Tea & Rice: A Perfect Pairing
If you love tea — our hands are raised — then one broad style of cuisine pairs especially well with it: foods from Asia. Sencha tea and sushi. Dragon Well Superior green tea and a shrimp stir-fry. What to sip with a plate of the Korean short-rib dish galbi? We think a cup of Blue Spring Oolong would complement it quite nicely — it would be fine if you chilled it, along with the Dragon Well, too.
In fact, rice marries so well with tea that some styles of our favorite beverage actually contain rice. The most famous of them is genmaicha, which means “brown rice tea.” It is a literal translation — this tea combines sencha tea with roasted and popped brown rice.
We eat quite a bit of rice, and normally pair different teas with our meals. As tea offers such a wealth of distinct flavor profiles — which sets it apart from coffee, where taste variations between roasted beans are more subtle — it’s not difficult to find a tea that improves the dining experience.
September is National Rice Month. We can’t think of an agricultural product more worthy of national celebrations, and we tip our hat to Arkansas, California, Louisiana, Mississippi and Texas, the US states with the largest rice crops.
Ready to salute tea during its month-long honor? We think risotto, red beans and rice and paella are always excellent ideas. But we also suggest making something from Asia, like a Chinese stir-fry, Thai curry, Vietnamese bün or Japanese onigiri, and pairing tea with the meal.
Naturally, we have some ideas for the tea pairings.
Rice Tea: Genmaicha
In Japan, where it is sipped every day by many people, genmaicha is also referred to as “people’s tea”; tea merchants began adding the roasted rice to the tea to make the beverage more affordable. It’s the same gambit that brands like Hamburger Helper, for example, use to help people create more meals out of a pound of ground beef. Today, however, genmaicha doesn’t target people on tight budgets; everybody drinks it.
The tea’s sencha offers familiar flavors — the earthy, herbal and slightly astringent grassiness of sencha, combined with the roasted rice’s nuttiness and a subtle sweetness that comes from its sugars and starches. One of its many advantages: Due to the rice content, a serving of genmaicha contains less caffeine than green tea on its own.
Genmaicha isn’t the only tea with rice mixed in — one popular version in Japan adds matcha to the genmaicha, and in South Korea a tea called “hyeonminokcha” is roughly the same: green tea combined with roasted rice.
It’s all wonderful.
Rice Tea: Jasmine Oolong
There’s something about the infusion of real jasmine blossoms in this tea, from China’s Guangxi Province in far southern China (the province borders Vietnam), that turns it into a meal-matching powerhouse.

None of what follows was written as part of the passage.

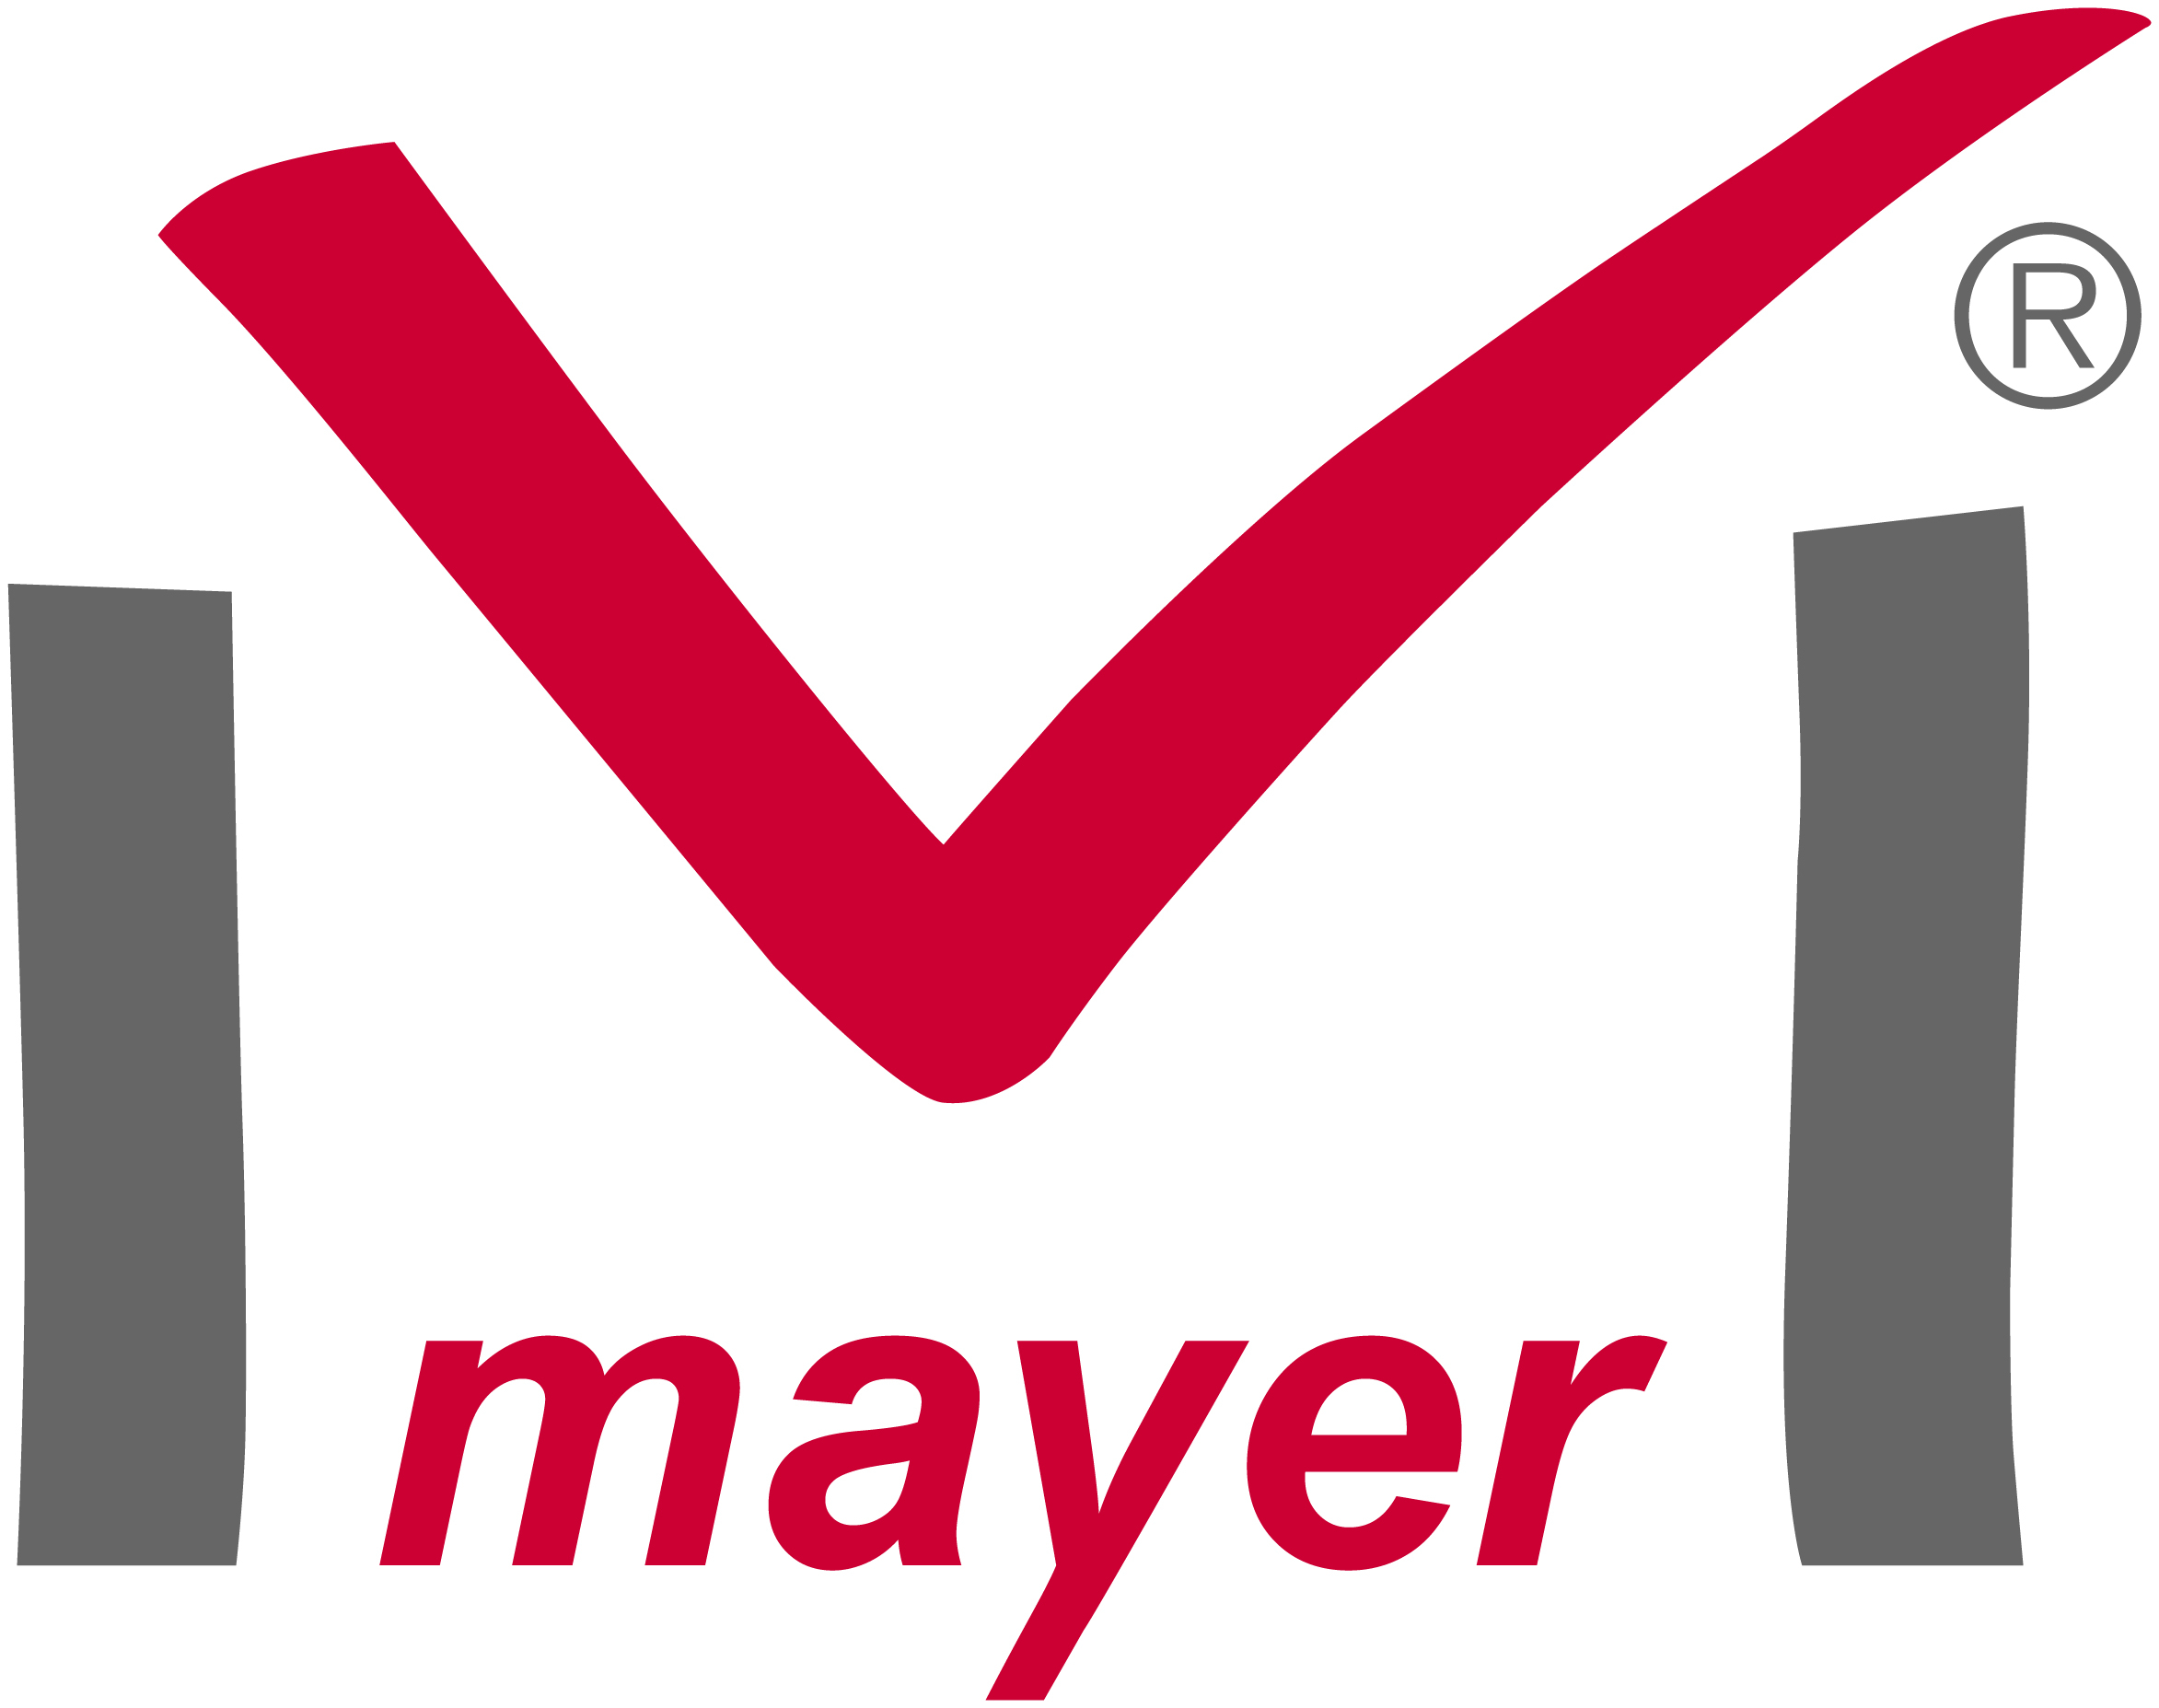 Logo Mayer-Kuvert-network

In part, we think it’s the blossoms’ two-fer of floral and bitter: together, they cut through fats and big flavors common in Asian cookery, from pork fat to sesame oil to chili pastes (hello, gochujang), fermented condiments (nice to see you, fish sauce) and nasal-clearing standards like wasabi.
We love our Jasmine Oolong so much that we not only included it in our quartet of ready-to-drink iced teas — quite the honor, as we have hundreds of teas to choose from! — we also selected it as one of the teas we feature in new, custom tins (Note: The Jasmine Oolong will not be available in tins until sometime after October, 2021). The teas we are incorporating into our branded Ku Cha House of Tea tin line are our — and your — favorites.
This tea is wonderful chilled, one of the many reasons it is such a spectacular culinary partner.
Rice Tea: Sweet Rice Puerh
Genmaicha contains roasted rice. Jasmine oolong is rice-less, and doesn’t have rice-like flavors; instead, it pairs beautifully with rice dishes. And then there is our Sweet Rice Raw Puerh, a rice-free tea that broadcasts delicate rice flavors.
Puerh is the most common style of fermented tea; the other is simply called “dark tea,” which refers to a broad range of fermented teas, some of them from Japan. Our Sweet Rice Puerh is whole-leaf “sheng” (meaning raw in Chinese) puerh crafted by Hmong people in Pingbian, a small town in southern Yunnan Province, which is the birthplace of tea.
Sweet Rice Puerh is just fermented tea leaves — it doesn’t contain a grain of rice. Yet when brewed this delicious tea offers clear rice notes. Not only is it pleasing on its own, assuming you like the flavor of rice, but Sweet Rice Puerh also pairs smartly with rice-centered dishes, especially ones from Asia. This tea’s hearty taste and aroma will leave you refreshed and energized.